The significant expression of N-CAM in the developing limb muscles suggests that this molecule may mediate the nerve-muscle interaction in postembryonically derived muscles of Xenopus. In adults, these muscles have very little N-CAM and the limb bud muscles appear to have diminished expression shortly after their innervation (Jacobson, 1987). Recently, it has been shown that rodent adult muscles can reexpress N-CAM to high, embryo-like levels after denervation or paralysis (Covault & Sanes, 1986; Sanes et al. 1986). Presumably, this reexpression is important in reestablishing proper nerve-muscle interactions. The adult frog gastrocnemius muscle also appears capable of such a response after denervation. This is in contrast to the tadpole myotomal muscles which do not express N-CAM, even when grown alone in tissue culture or after tubocurare-induced paralysis (Schwartz & Kay, data not shown).
Recently, Bixby et al. (1987) have shown that axonal growth on muscle surfaces depends on the presence of cell adhesion molecules (CAMs), such as N-CAM and neural Ca2+-dependent CAM, as well as molecules in the extracellular matrix. Suppression of any one molecule with antibodies had only a small effect on neurite outgrowth, but a suppression of all these molecules inhibits growth. Thus, N-CAM is but one of a class of molecules used by the developing nerve and muscle in their mutual interaction.
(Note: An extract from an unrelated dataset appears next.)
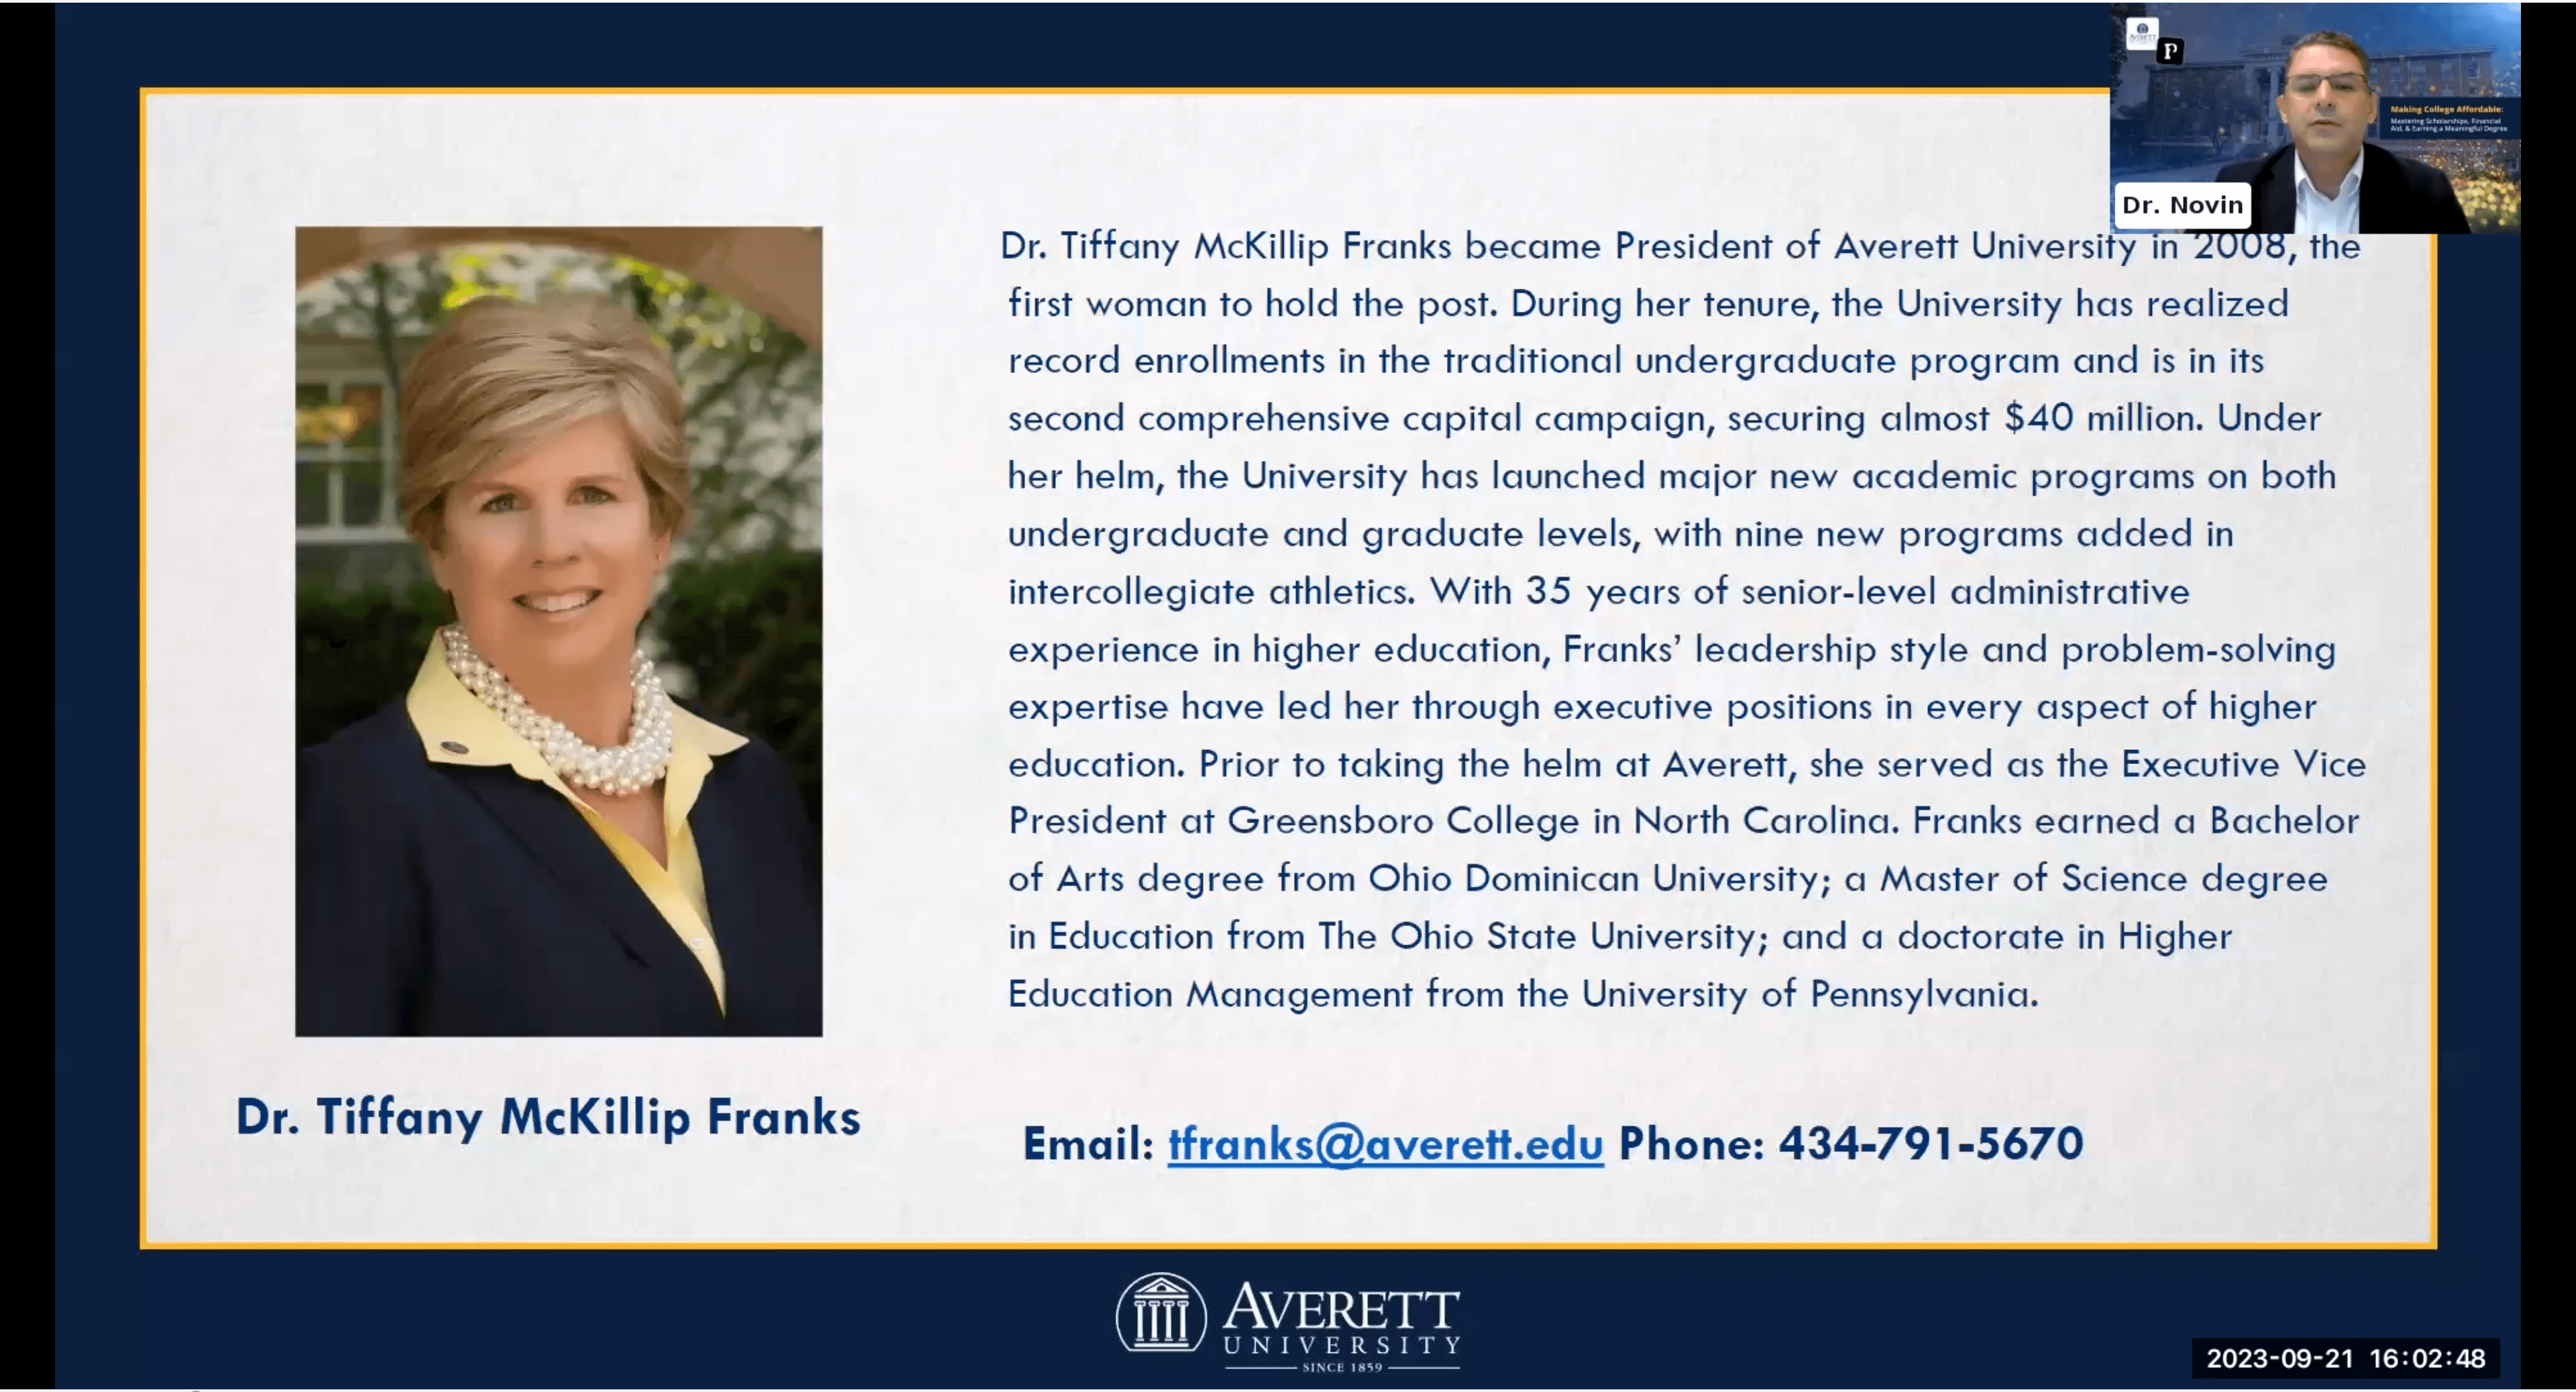 Welcome message to distinguished experts at Plexuss event, inviting Dr. Franks to begin her presenta
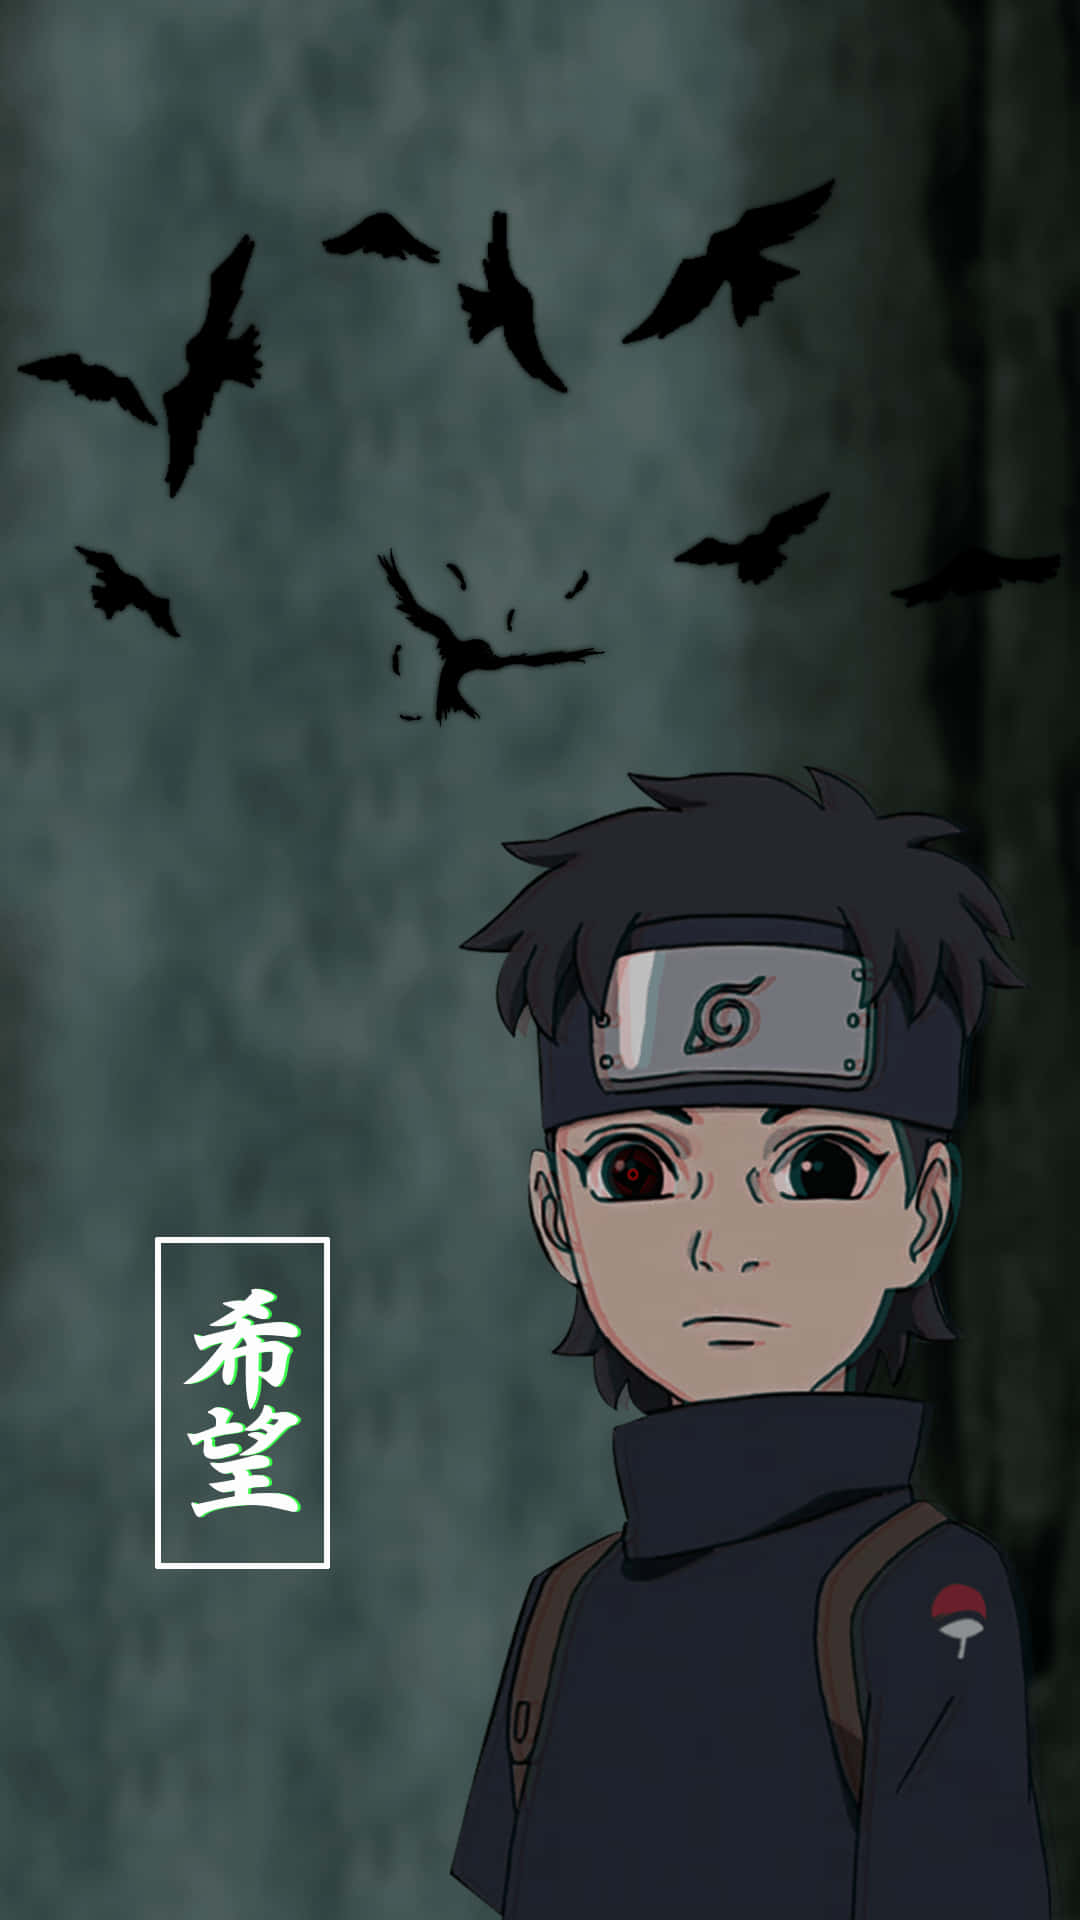 Young Itachi Aesthetic With Black Crows Flying Over Head In Gray Background Background

Our study suggests that during embryonic development in Xenopus, this interaction is dominated by molecules other than N-CAM. This differential expression of N-CAM during the formation of Xenopus muscles makes the animal particularly suitable for examining the comparative role of this molecule in myogenesis and synaptogenesis.
ACKNOWLEDGEMENTS
We acknowledge the photographic assistance of Susan Whitfield and the technical help of Holly MacArthur. This work was supported by grants from the March of Dimes (5-576) and American Cancer Society (CD-253) to B.K.K., the North Carolina Biotechnology Program and American Cancer Society (IN-15-29) to L.M.S., and the National Institutes of Health to U.R. and (NS-23583) to H.B.P.